Most importantly when it comes to technology, a provider will want to know about a company’s information sharing, data security, recovery procedures, data backup procedures.
Here are some potential technology issues in those realms that will need to be addressed:
* How will superbills and claims be shared?
* How does billing service fit with the provider’s electronic health record (EHR) strategy?
* Does the service have an integrated EHR?
* How does the service ensure data security?
* What are the disaster recovery procedures?
* Where and how is backup data stored?
* Will a provider need to install and maintain software or access the system online?
* Is the technology HIPAA compliant?
Choosing a medical billing service company that employs technology in a way that effortlessly bridges the gap between provider and biller can mean the difference between profit and loss. By choosing a medical billing service that integrates with a provider’s EHR (or provides their own EHR), that gap can be closed even more.
Criteria #4: Pricing Options
When dealing with practices whose revenue is in the millions of dollars, the cost savings between pricing models can be in the hundreds of thousands of dollars.
There are three pricing options offered by medical billing companies and we’ve broken them down in the table below:
Description
Pros
Cons
Percentage-based The service will charge a percentage of collections or they will charge a percentage of gross claims submitted or total collections. The success of the billing company is tied to the success of the practice. Small claims may not be pursued as aggressively due to lower payoff.
Fee-based With this model, the billing services charges a fixed dollar rate per claim submitted. This model is potentially more cost effective. Less incentive for the billing service to follow-up on denied claims.
Hybrid With this model, the billing service charges on a percentage basis for certain carriers or balances and charges a flat fee for others. This model is potentially more cost effective. Less incentive for the service to follow-up on certain claims.
Percentage-based models are most common on the market today. Fee-based models are the next most common option with the hybrid option appearing with less frequency. Many billing companies offer two or three of these options.
Criteria #5: Capacity to Take on New Clients
Finally, a provider will want to get into the nitty gritty of a medical billing company’s performance to evaluate whether the company has the capacity to take them on as a client. Remember, much of the payoff in hiring a billing service comes from the pursuit of denied claims and fee collection.
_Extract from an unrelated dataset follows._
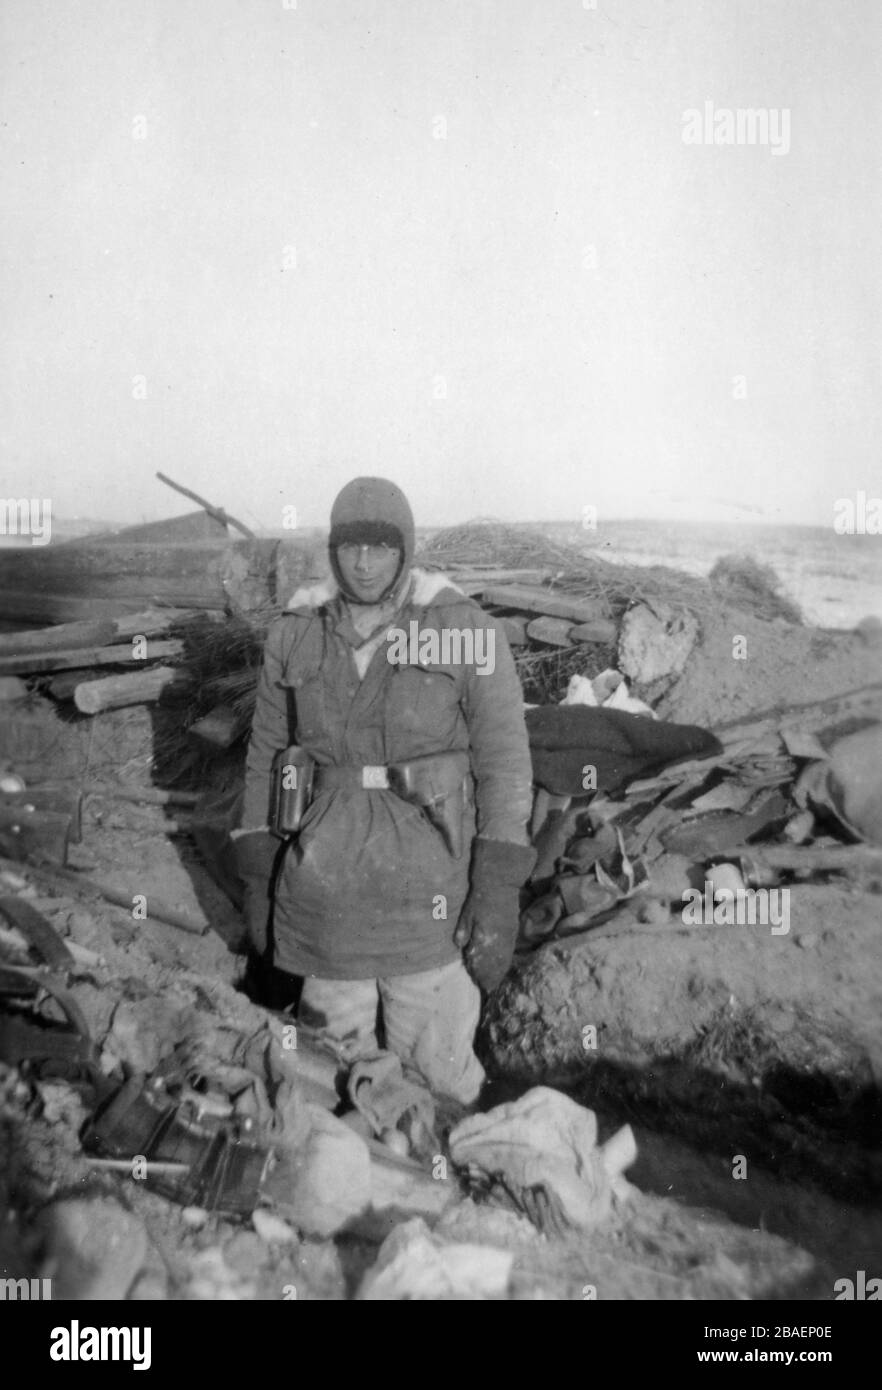 Seconda guerra mondiale / seconda guerra mondiale Foto storica sull'invasione tedesca - truppe Waffen SS in URSS (Bielorussia) - 1942 (regione di Minsk), bunker Foto Stock

A billing service that doesn’t have the capacity to effectively follow up with outstanding bills will provide minimal benefit.
Determining capacity involves collecting a number of metrics about the company’s performance, including:
* Years in the business;
* Number of employees and reporting structure;
* Number of clients by specialty;
* Gross number of billings; and,
* Number of claims processed annually.
Knowing this information will help a provider determine the level of service a billing company will be able to provide to their practice. Getting even more detailed, a provider will also want to delve into a number of “quality” metrics about billing companies. These include:
* Average number of days in A/R by specialty;
* Coding, submission and follow-up delay metrics;
* By what percentage they’ve been able to increase revenues for existing clients; and,
* By what percentage they’ve been able to reduce payment delays.
How a medical billing service performs on each of these metrics will significantly affect a provider’s bottom line.